Openjdk-infrastructure: AIX test machines at OSUOSL not available

Created on 22 Oct 2020  Â·  23Comments  Â·  Source: AdoptOpenJDK/openjdk-infrastructure

test-osuosl-aix72-ppc64-1 is marked as CPAN allegedly not working on it (Need to verify current issue via Grinder)
test-osuosl-aix72-ppc64-2 is currently offline - raising with OSUOSL.

bug aix osuosl systemdown testFail

All 23 comments

-2 now back up and running. The ssh keys on it weren't up to date on either of them but that has now been resolved by refreshing. It was trying to connect to -1 using a DNS entry which was no longer in place so that has now been fixed too. Just need to see what the issues are with CPAN and whether either of them can now run test jobs properly.

Ill run a sanity system and openjdk test on both to begin with, I think these would trigger an error if either machine is exhibiting CPAN issues.

I ran both system and openjdk sanity tests on both machines. The tests were able to run without error. The following test cases, from openjdk sanity, failed on both machines

jdk_lang_j9_0
jdk_math_j9_0
jdk_util_j9_0

None of the system tests failed. Where were you notified that CPAN was not working on either machine?

Im also running an openjdk sanity test on test-osuosl-aix72-ppc64-1 via grinder, incase the CPAN issues occur only via grinder.
https://ci.adoptopenjdk.net/view/Test_grinder/job/Grinder/4288/console

Those three suites failing is a concern = JDK11/J9 sanity.openjdk appears to pass on the other machines so we have something that needs to be fixed: https://ci.adoptopenjdk.net/view/Test_openjdk/job/Test_openjdk11_j9_sanity.openjdk_ppc64_aix/211

@smlambert ref the discussion we had in the team meeting.
On https://ci.adoptopenjdk.net/view/Test_grinder/job/Grinder/4288/, a sanity openjdk test ran on test-osuosl-aix72-ppc64-1.

In terms of machine dependencies and configuration, would you know why java/lang/ProcessBuilder/Basic.java#id0.Basic_id0 might fail? The machine meets the prereqs

May be helpful to look at what the test itself does (and if its doing anything special on AIX), if it is behaving well on one machine but not another, can you compare what LIBPATH is on the machines you are trying to compare. (if you search for AIX in the test source, you will see several places where there is AIX specific handling of args and such, starting with:

https://github.com/AdoptOpenJDK/openjdk-jdk11u/blob/master/test/jdk/java/lang/ProcessBuilder/Basic.java#L75

@Haroon-Khel Have you looked more into this? Would be good to get these two machines live again if possible. We are restricted on AIX testing capacity.

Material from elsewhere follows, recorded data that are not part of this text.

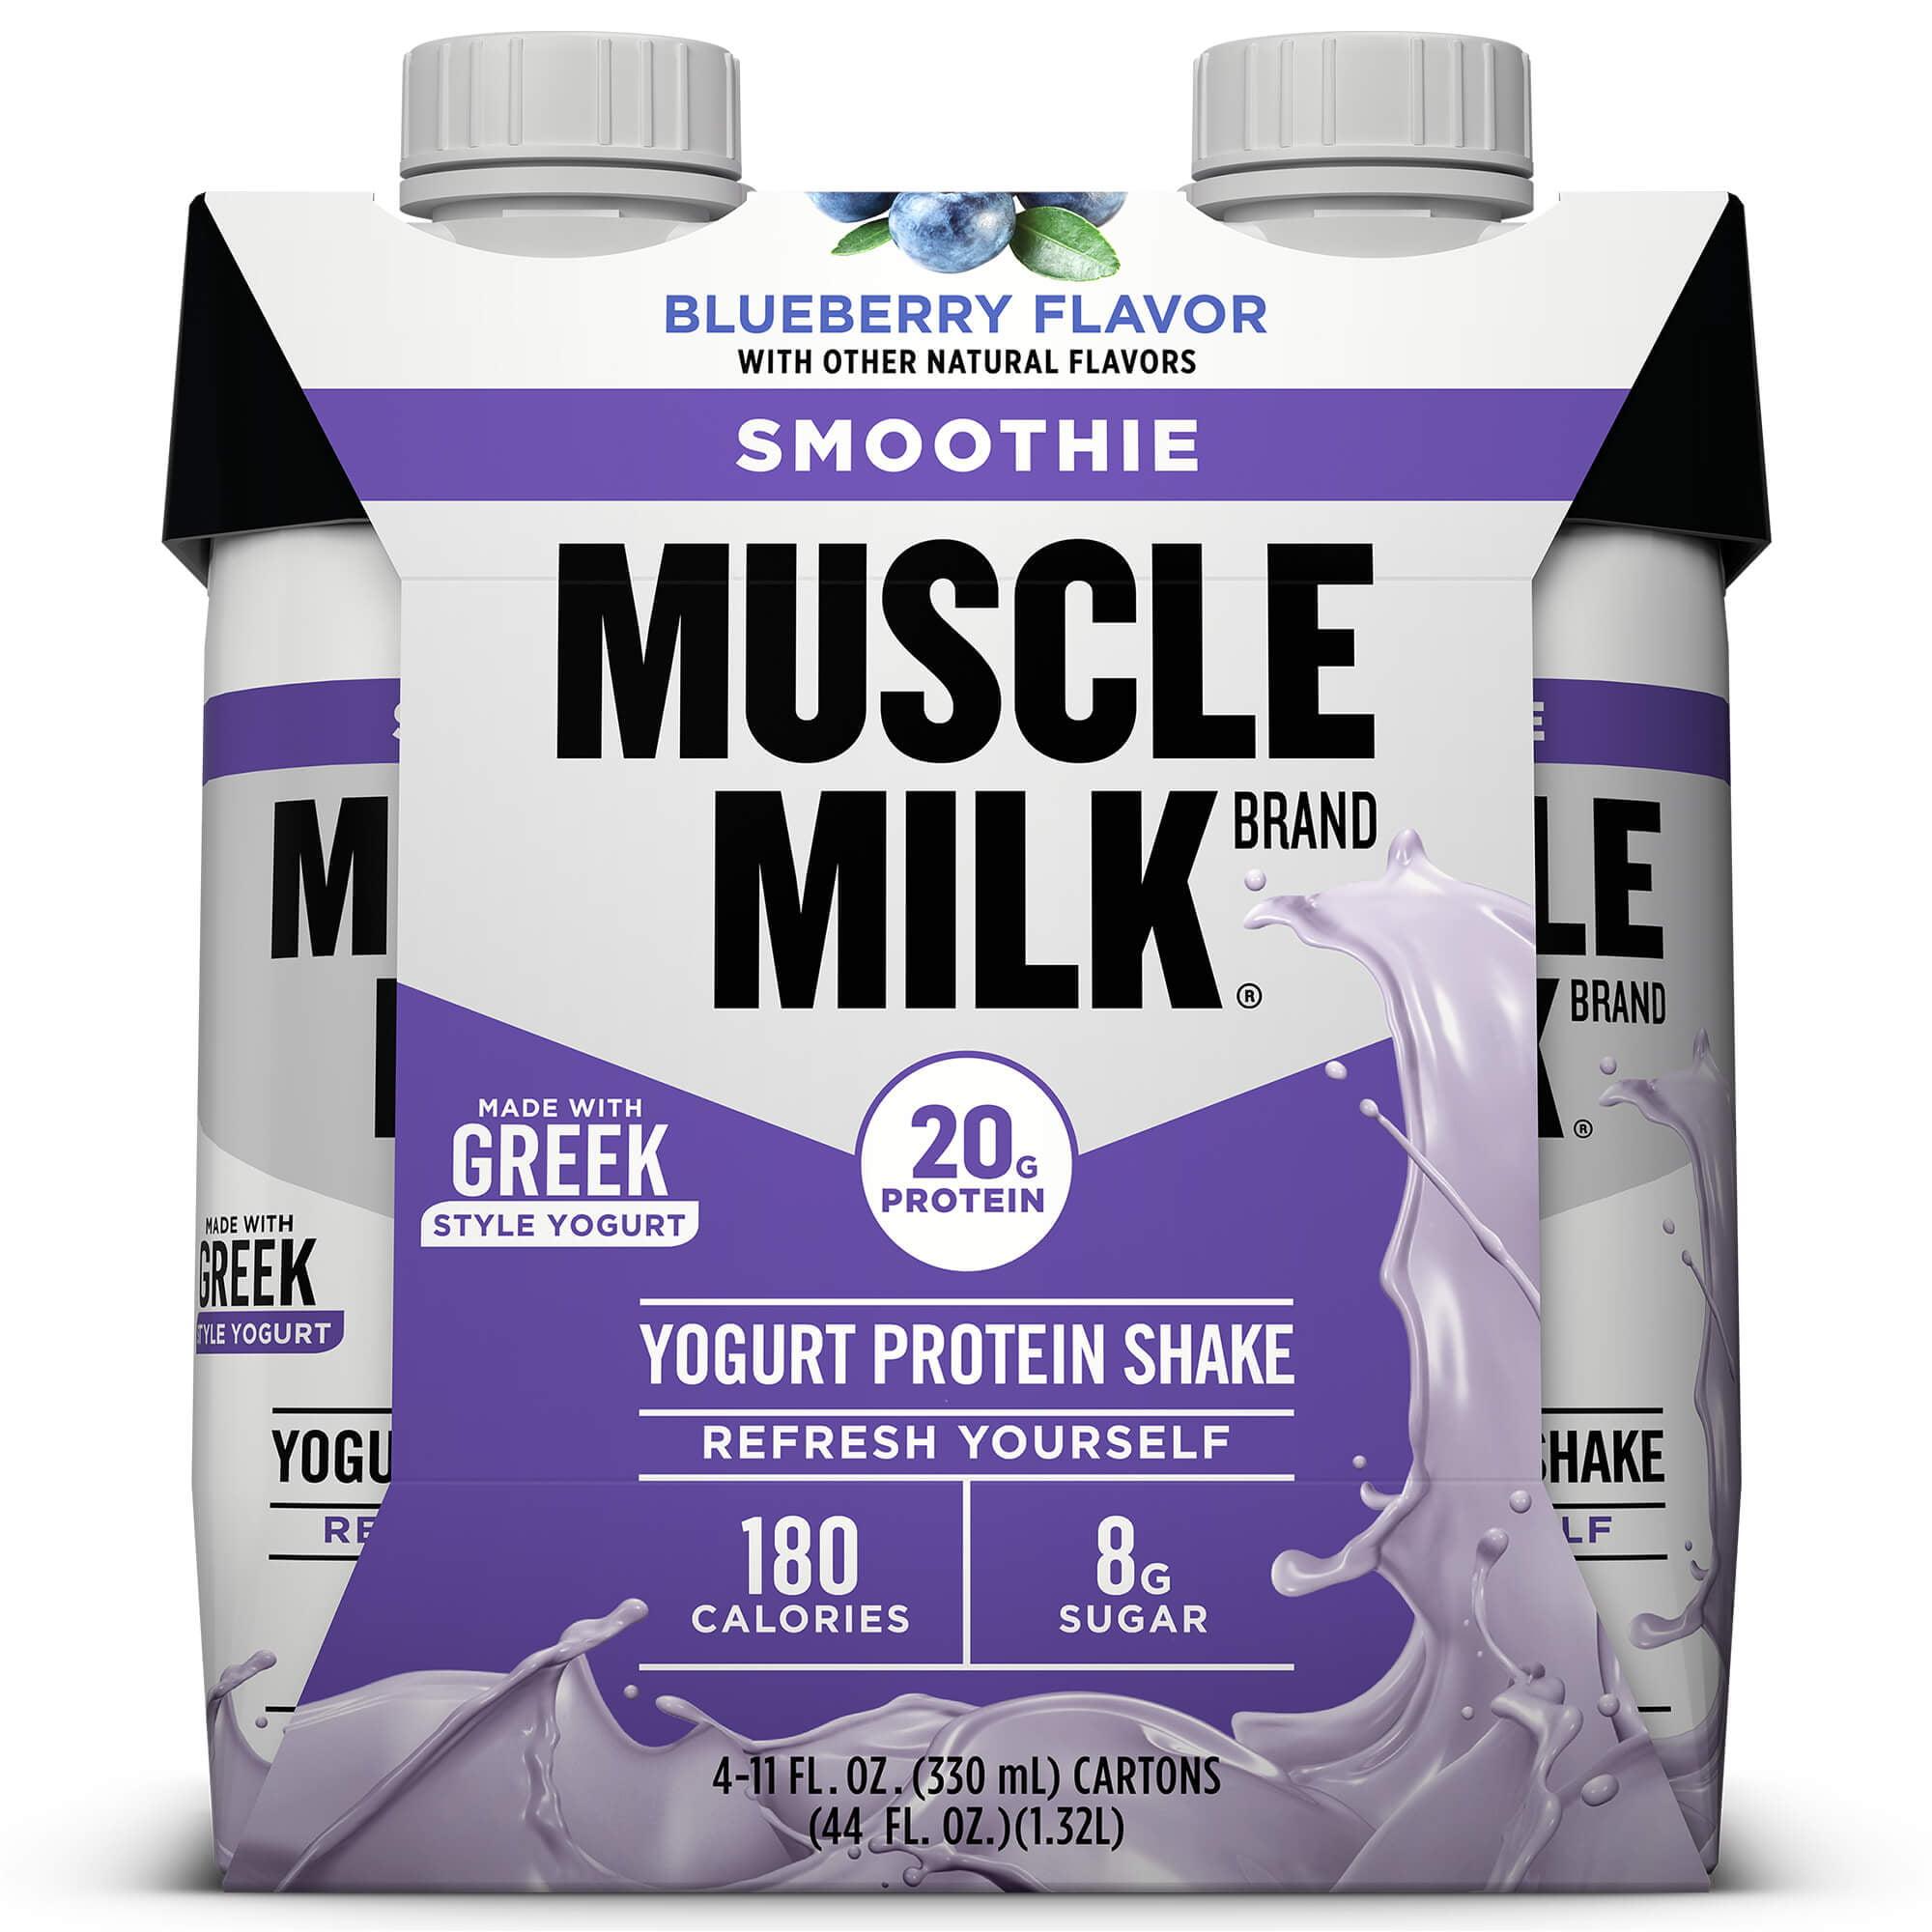 Muscle Milk Smoothie Yogurt Protein Shake, Blueberry, 20g Protein, Ready to Drink, 11 fl. oz., 4-Pack
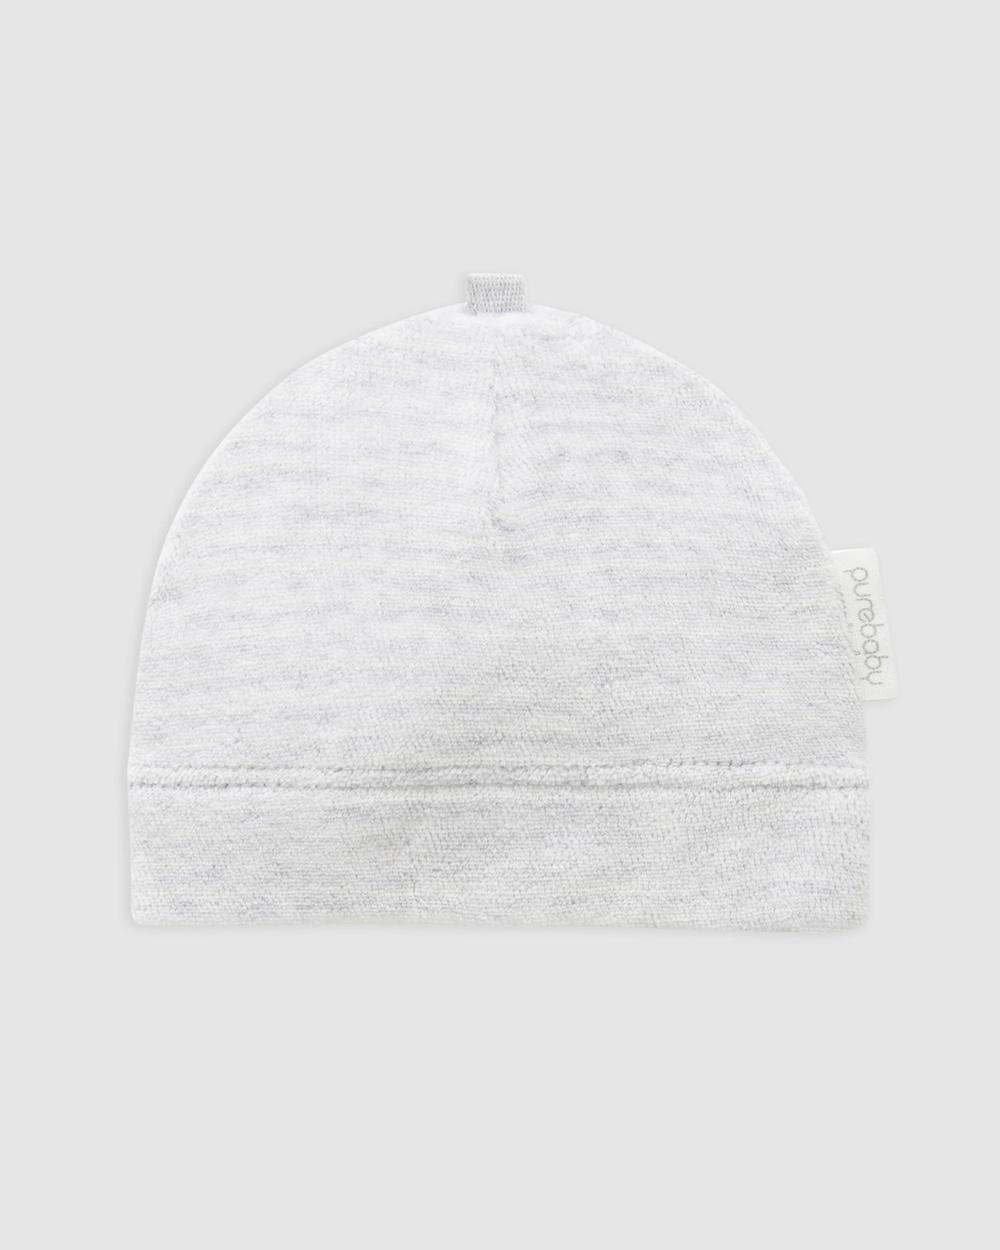 Purebaby Premie Hat Babies Headwear Pale Grey Stripe
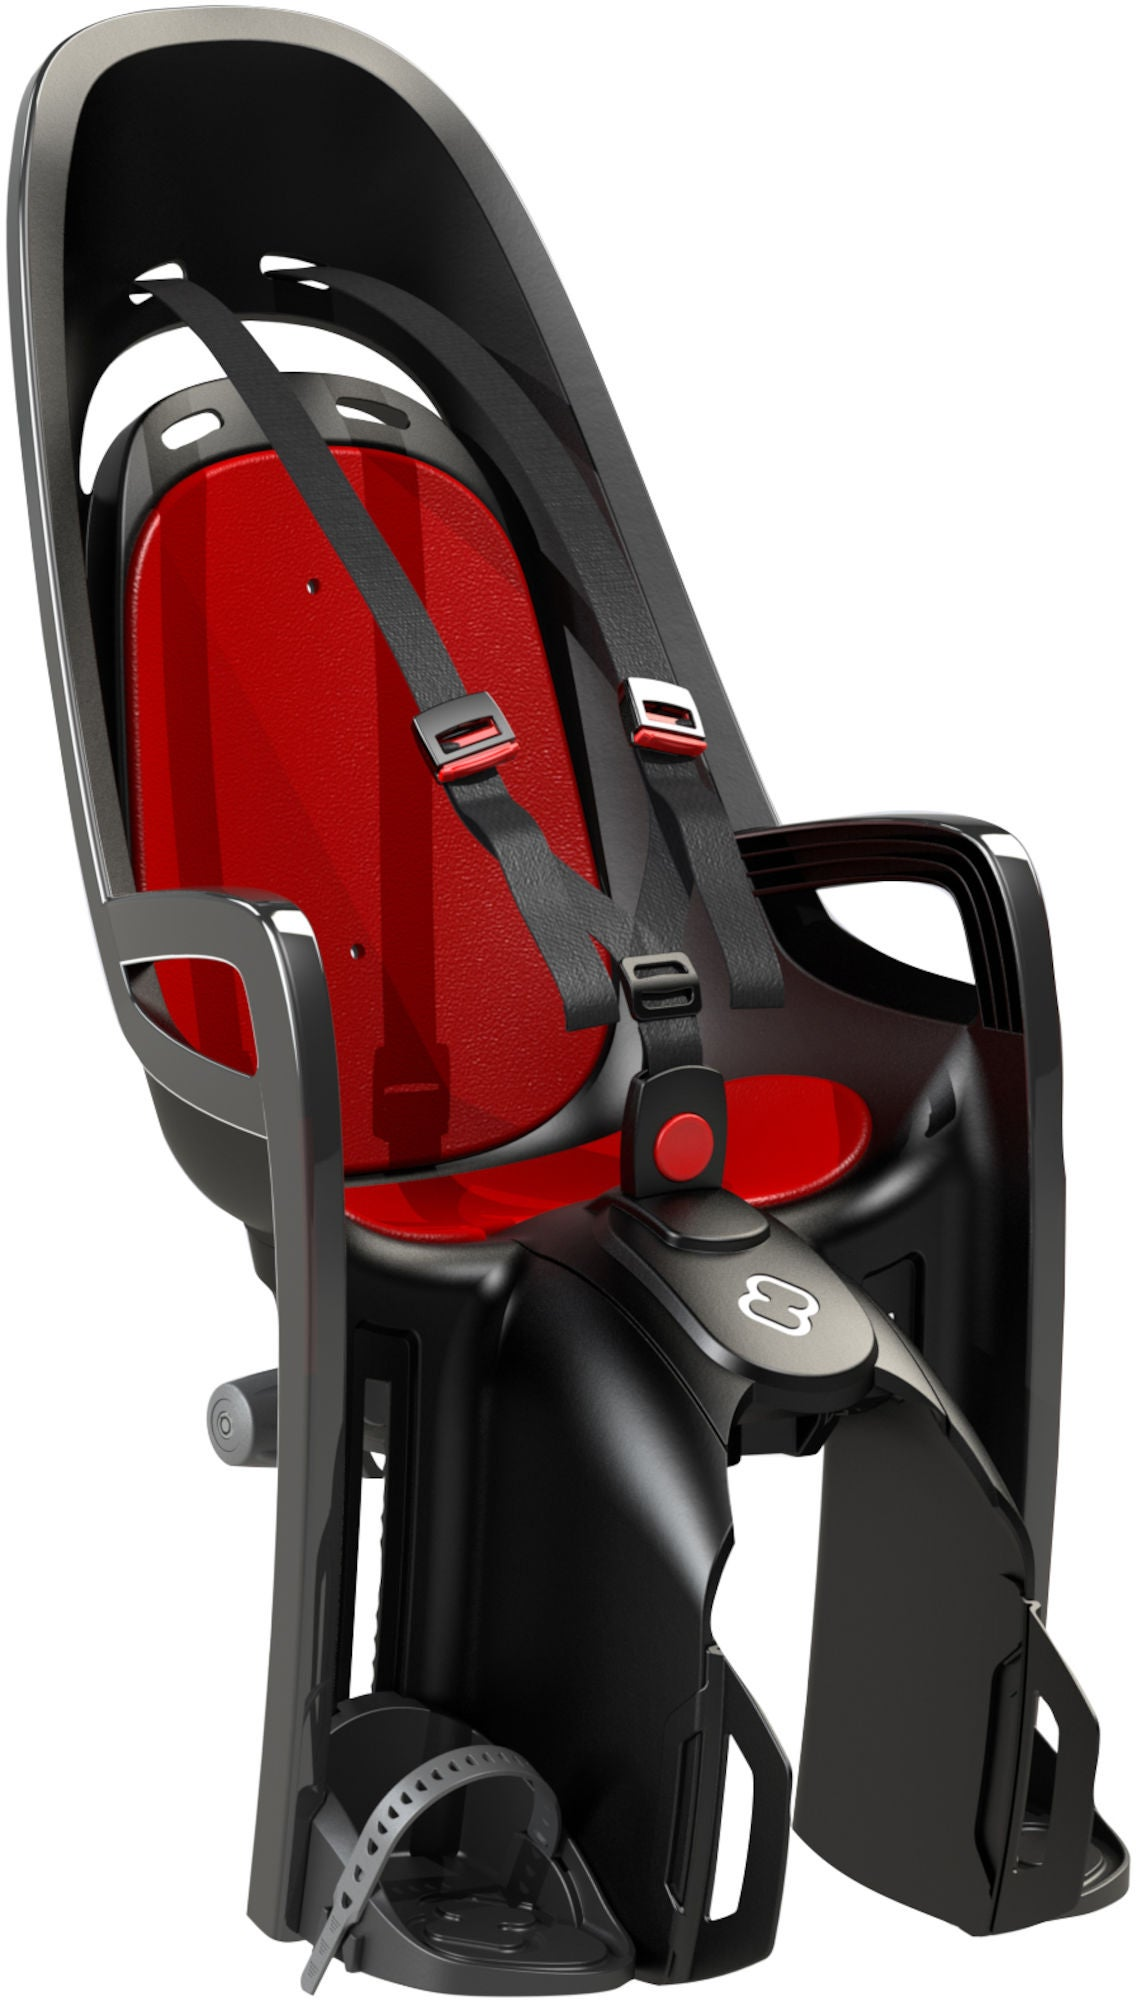 Hamax Zenith Cykelstol inkl. Bagagebærer-adapter, Grå/Rød | Bike seat
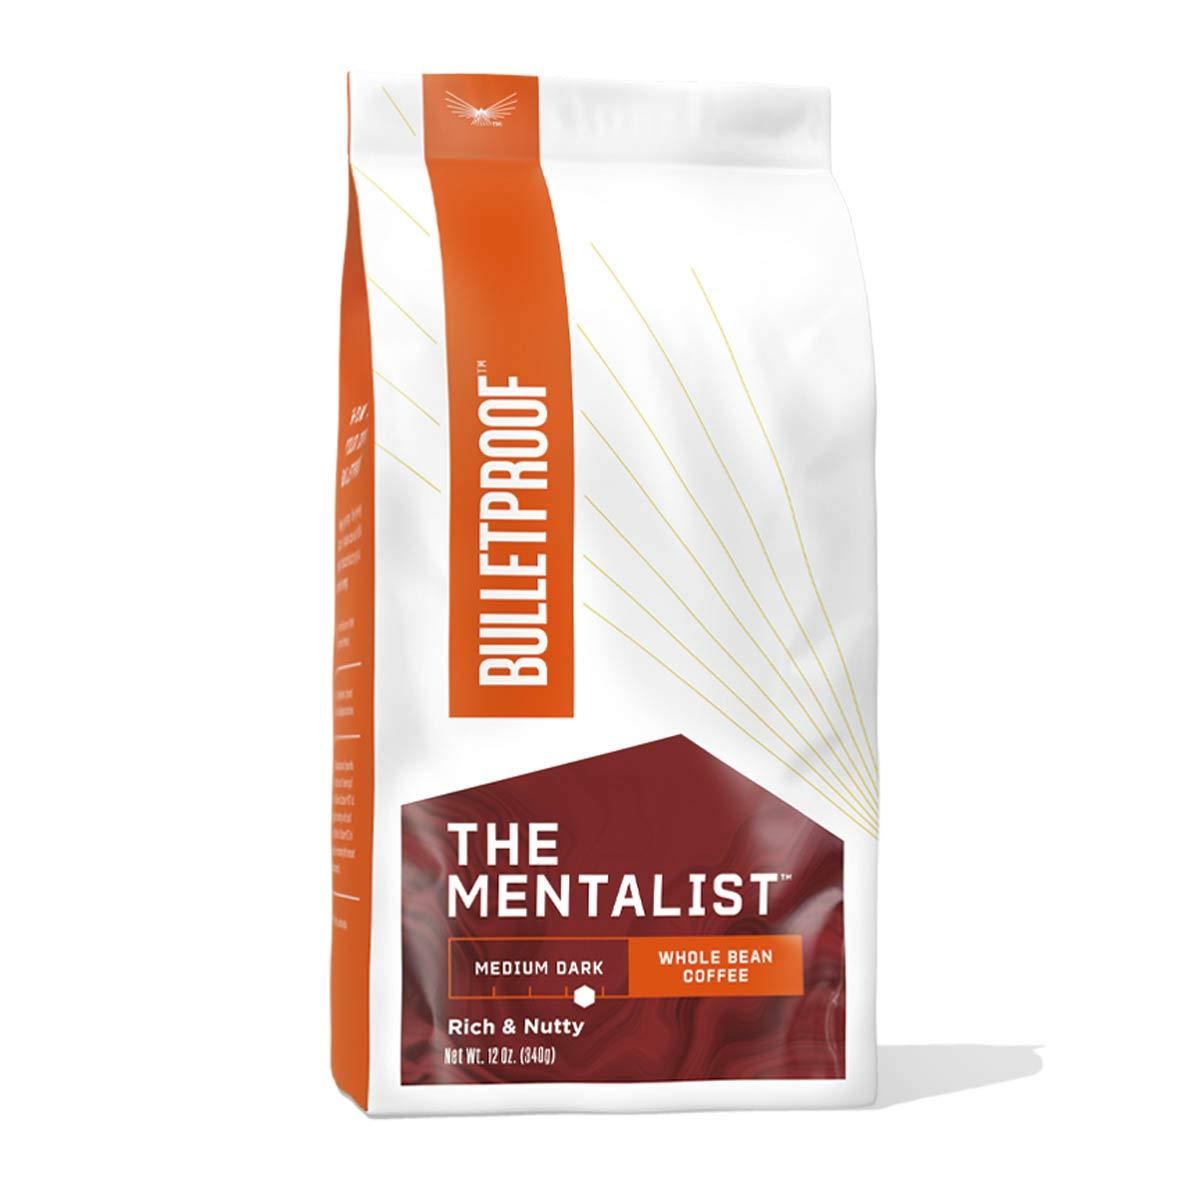 The Mentalist Whole Bean Coffee, Medium Dark Roast, 12 Oz, Bulletproof Keto Friendly 100% Arabica Coffee, Certified Clean Coffee, Rainforest Alliance, Sourced from Guatemala, Colombia & Brazil

The test failure is caused by https://github.com/ibmruntimes/openj9-openjdk-jdk11/blob/29d8a1d89c10cfd0cf86075b292bb4be6b196e29/test/jdk/java/lang/ProcessBuilder/Basic.java#L1794, and the 3 lines that follow it.
From what I have gathered, the test tries to trigger an expected java.lang.OutOfMemoryError, and then tries to look for certain expected results in stderr. In this case the stderr is empty, causing this test to fail.
Continuing to look into this.

Weirdly, the test has just passed on test-osuosl-aix72-ppc64-1. It appears intermittent, as it has just failed again after a subsequent run.
When it passed, I captured what the stderr for the test is supposed to look like:

JVMDUMP039I Processing dump event "systhrow", detail "java/lang/OutOfMemoryError" at 2020/11/24 07:39:36 - please wait.
JVMDUMP032I JVM requested Java dump using '/home/jenkins/jdk-11.0.8+10/bin/JTwork/scratch/javacore.20201124.073936.24445318.0001.txt' in response to an event
JVMDUMP010I Java dump written to /home/jenkins/jdk-11.0.8+10/bin/JTwork/scratch/javacore.20201124.073936.24445318.0001.txt
JVMDUMP032I JVM requested Snap dump using '/home/jenkins/jdk-11.0.8+10/bin/JTwork/scratch/Snap.20201124.073936.24445318.0002.trc' in response to an event
JVMDUMP010I Snap dump written to /home/jenkins/jdk-11.0.8+10/bin/JTwork/scratch/Snap.20201124.073936.24445318.0002.trc
JVMDUMP007I JVM Requesting Tool dump using '/home/jenkins/jdk-11.0.8+10/bin/java -version'
JVMDUMP011I Tool dump created process 27132240
openjdk version "11.0.8" 2020-07-14
OpenJDK Runtime Environment AdoptOpenJDK (build 11.0.8+10)
Eclipse OpenJ9 VM AdoptOpenJDK (build openj9-0.21.0, JRE 11 AIX ppc64-64-Bit Compressed References 20200715_695 (JIT enabled, AOT enabled)
OpenJ9   - 34cf4c075
OMR      - 113e54219
JCL      - 95bb504fbb based on jdk-11.0.8+10)
JVMDUMP013I Processed dump event "systhrow", detail "java/lang/OutOfMemoryError".
Exception in thread "main" java.lang.OutOfMemoryError: Java heap space
        at Basic$JavaChild.main(Basic.java:368)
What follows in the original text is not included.